房日晰
一
辛棄疾《玉樓春》(三三兩兩誰家女),《古今詞統》眉批云:“竟是白話!”評者對辛棄疾寫的這首白話詞,是頗為驚異的。言外之意是說詞人用白話竟寫出如此好的詞。因為宋詞是頗為雅致的,一般是用淺近工致的文言書寫的,而用純粹的白話寫詞,則是比較少見的。因此,當讀到這首詞時,評者不免產生驚異之感。其實,辛棄疾的白話詞是不少的。據我統計,他的白話詞有282 首之多,占其全部詞作的五分之二強,這在詞史上是罕見的。盡管從北宋到南宋,不乏寫過一二首白話詞的人,還有些詞人寫的數量較多,如柳永、秦觀、黃庭堅、李清照、向滈、曹組、朱敦儒等,都寫了許多優秀的白話詞,然像辛棄疾白話詞寫得這么多又這么好,卻是沒有的。這是詞史上的一個特異現象,是值得我們大書特書的。令人奇怪的是,這種特異現象并未引起當今學者的重視,而對辛詞典故迭出、經史并陳的所謂“掉書袋”,從南宋的劉克莊到今之某些詞學家,卻是念念不忘的。固然,辛棄疾詞是喜用并擅長用典故的,說他有些詞“掉書袋”也完全符合實際。然辛之過多地用典故或較僻典故的詞,充其量也不過二三十首罷了。
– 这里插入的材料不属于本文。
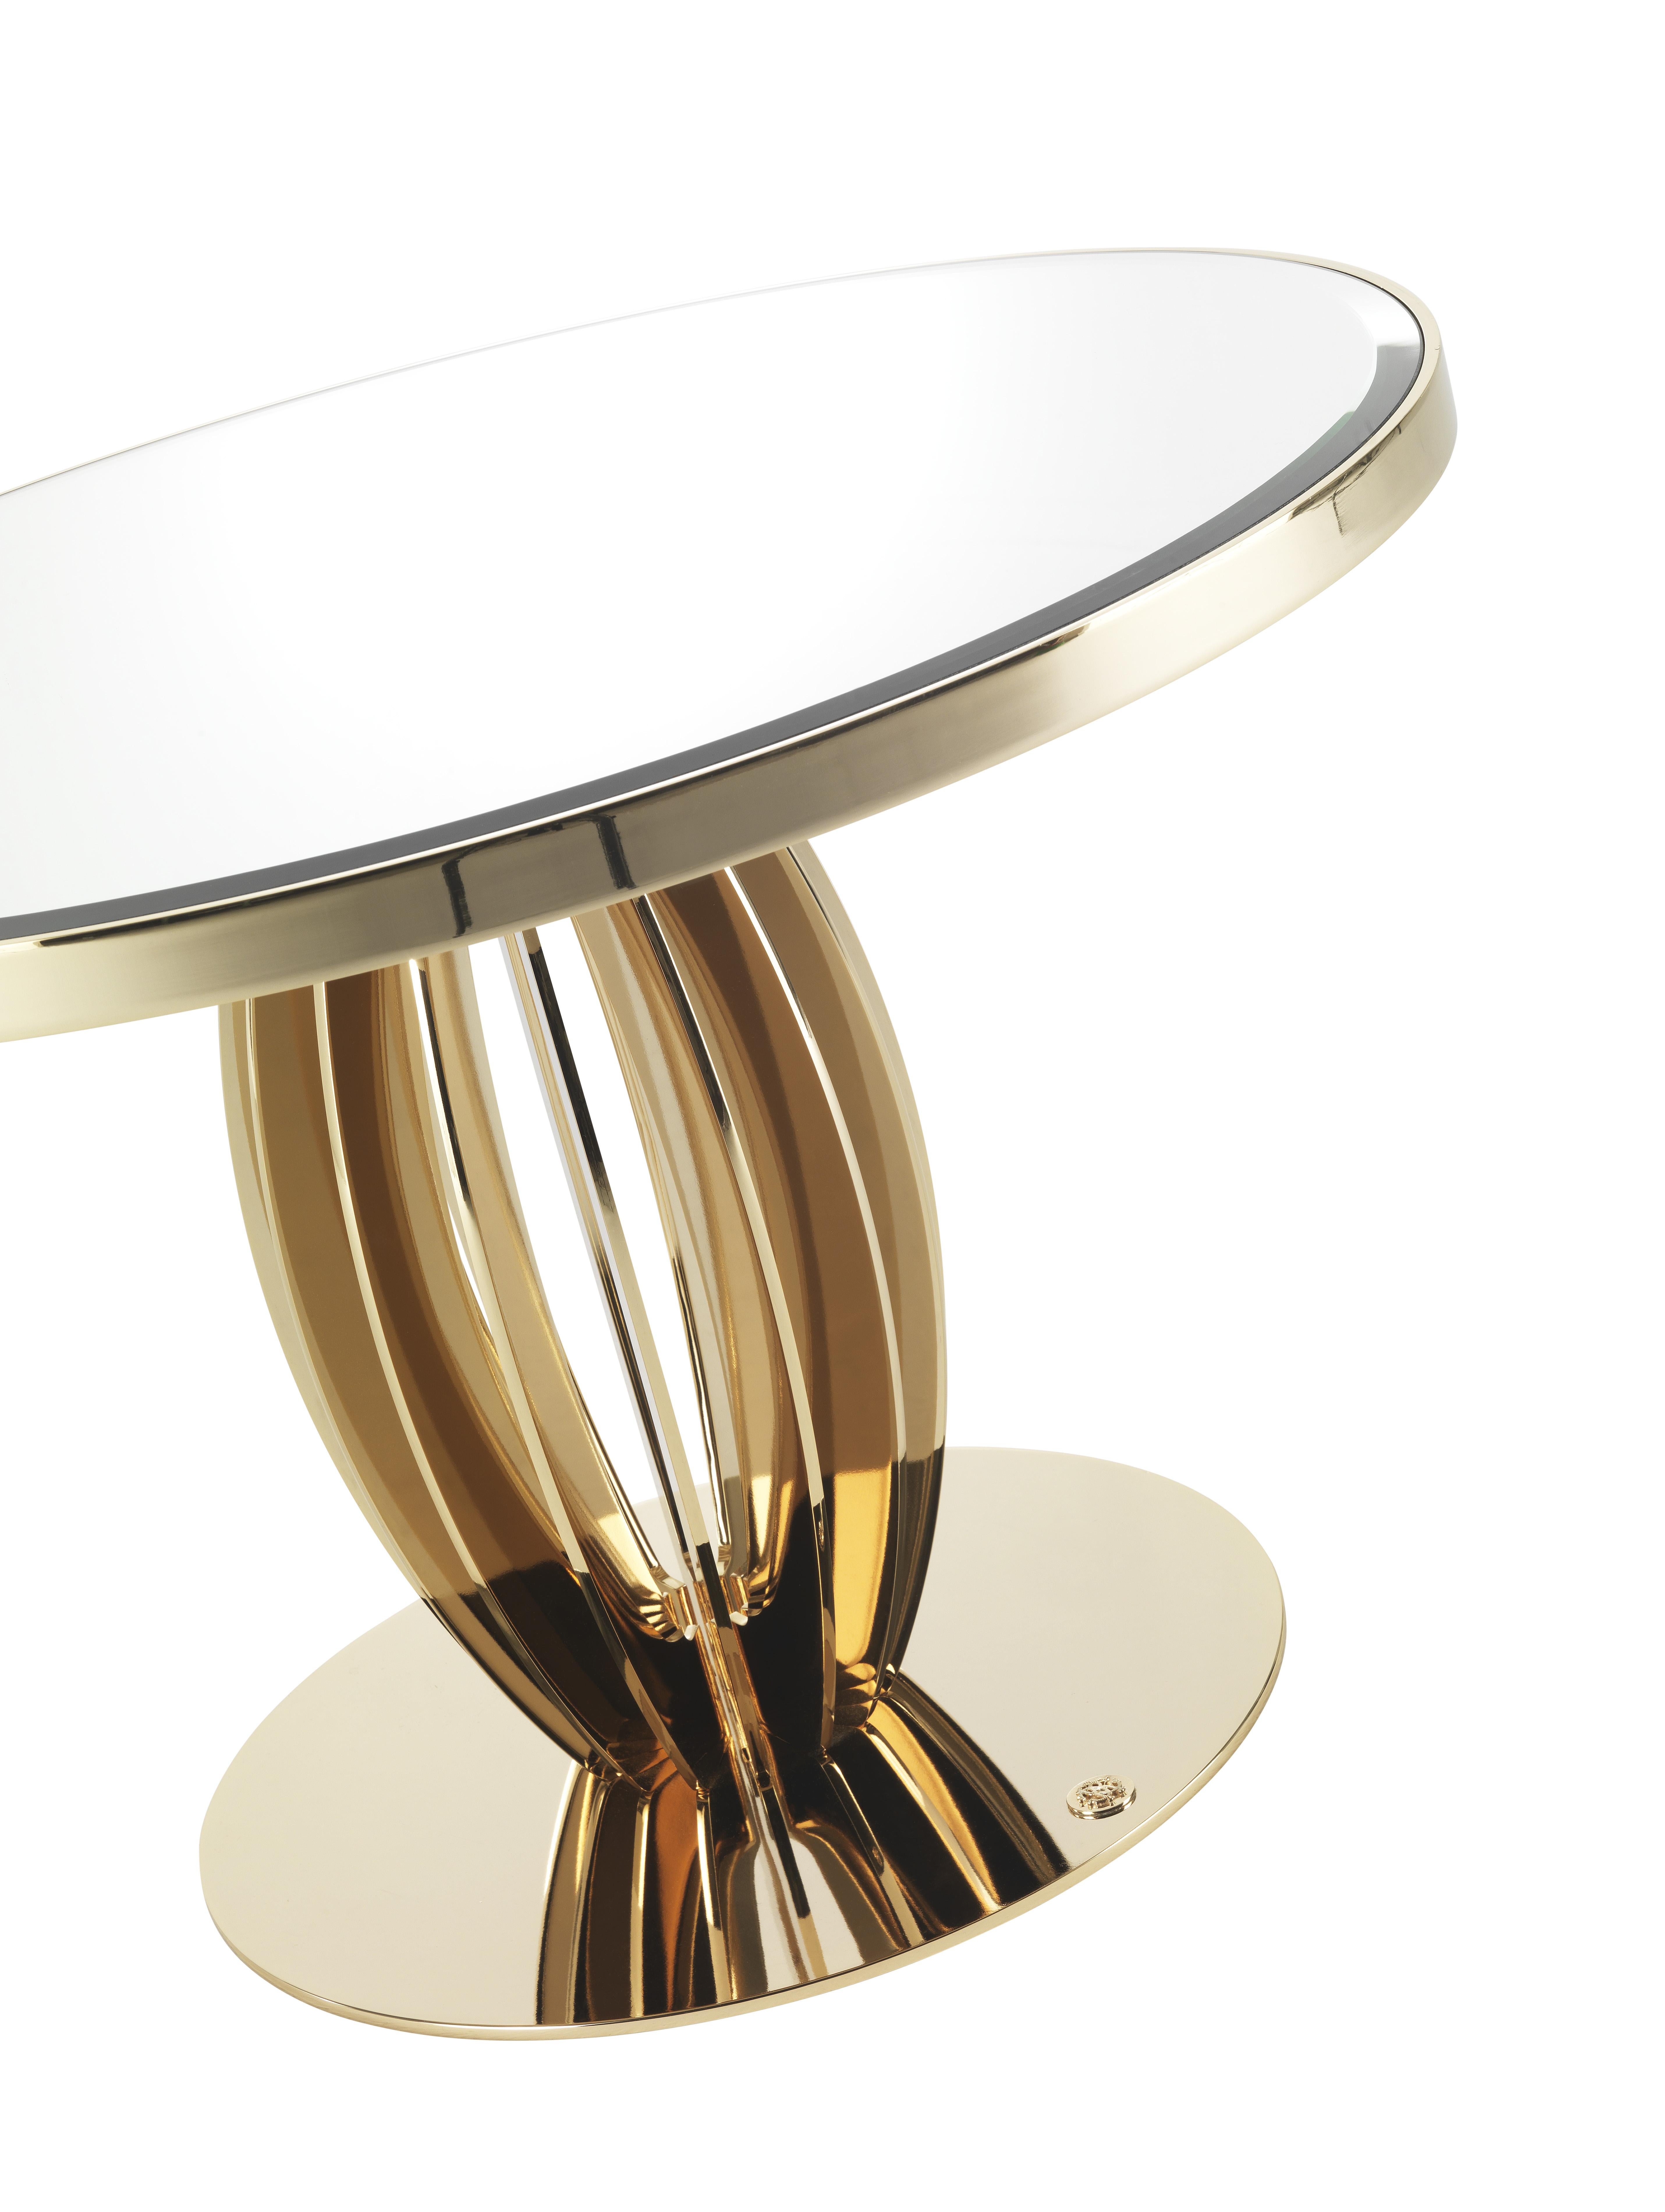 Pumpkin Side table structure in gold metal finishing. Top with bevelled natural mirror.
 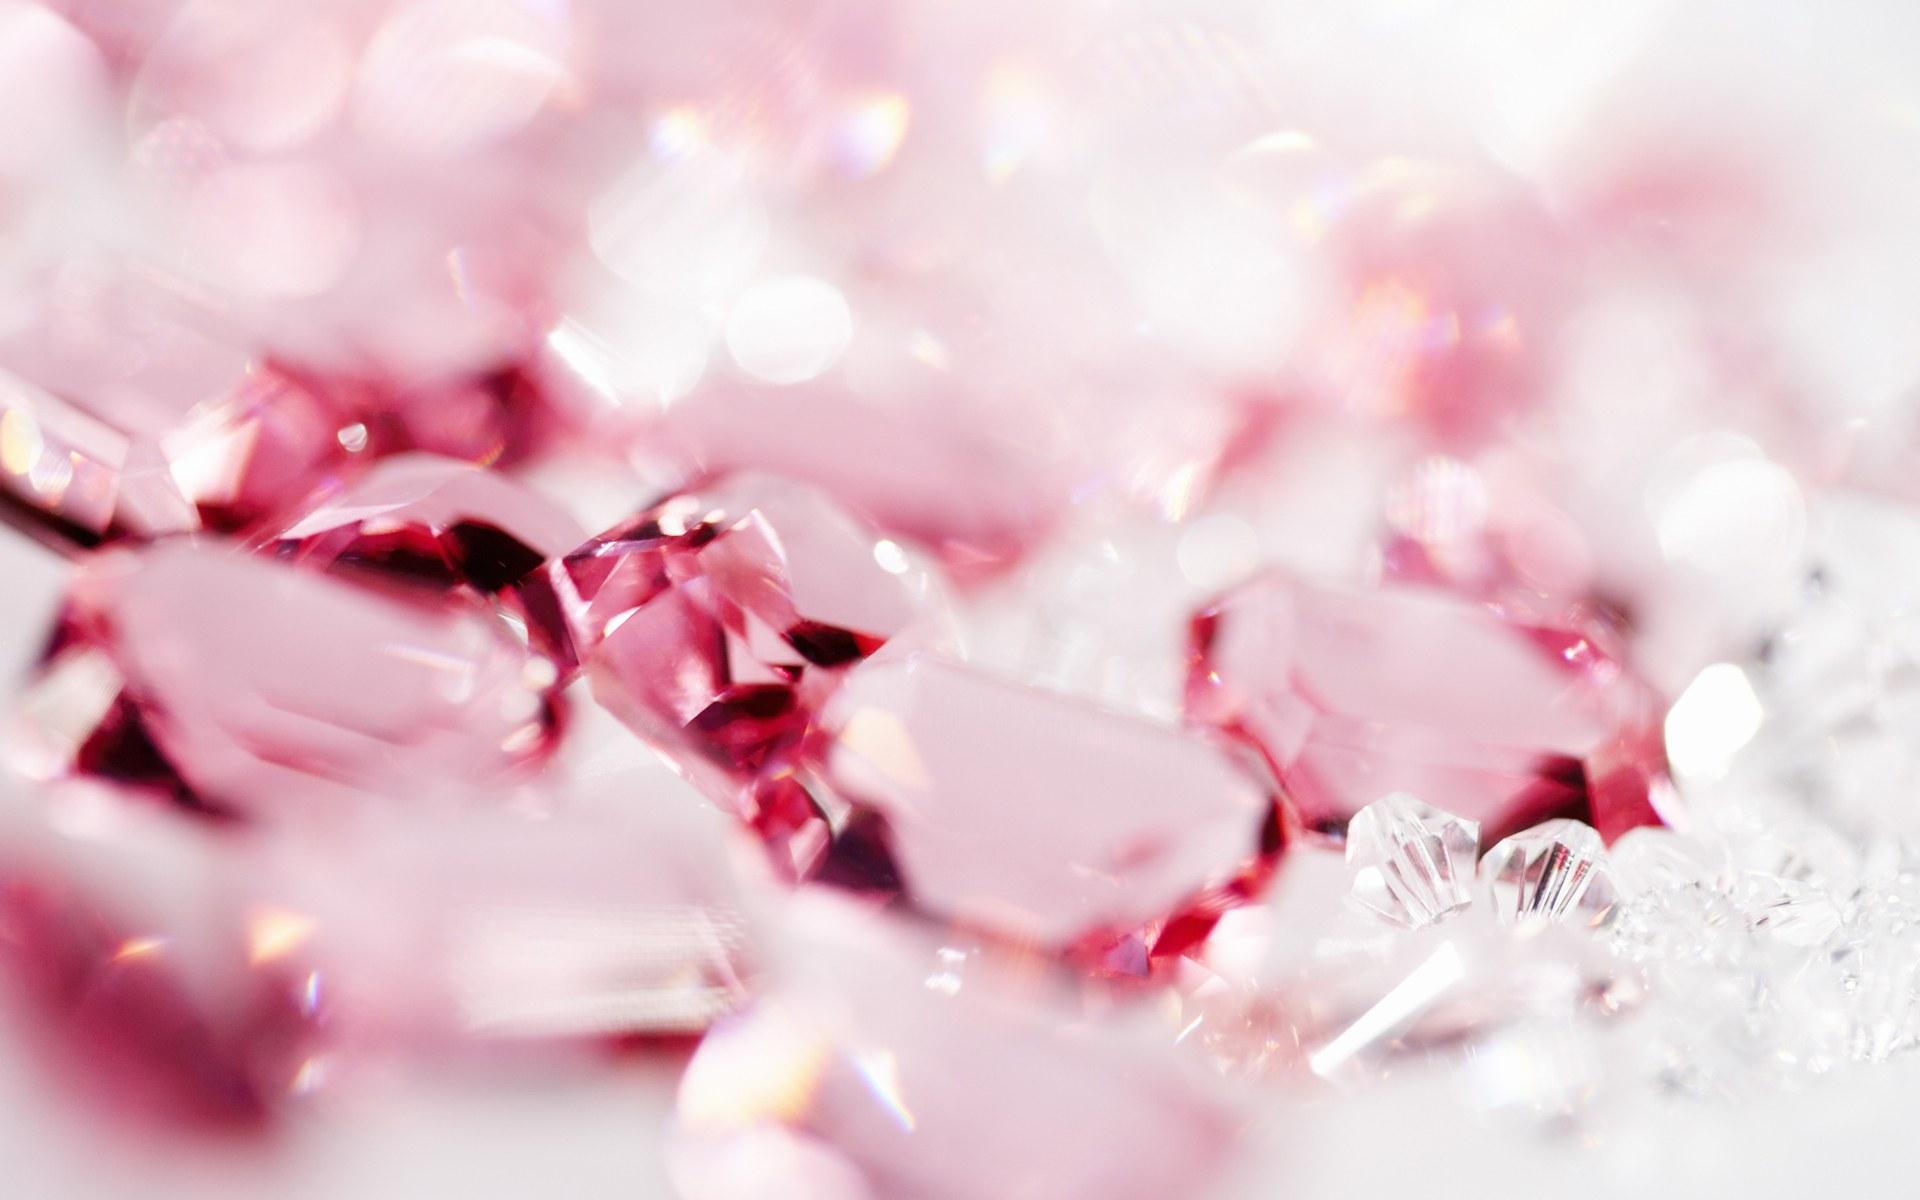 Pin Sparkling And Romantic 1920x1200 Wallpapers

因此,不論從辛詞的創作實際或研究實際來看,辛棄疾的白話詞,都是值得我們特別重視的。
五四時期,胡適先生提倡白話文,因而文學史上的白話文受到了特別的重視,當時對白話小說大量翻印,白話詩詞也受到了應有的重視。以詞言,稍后就有《白話詞選》的問世。……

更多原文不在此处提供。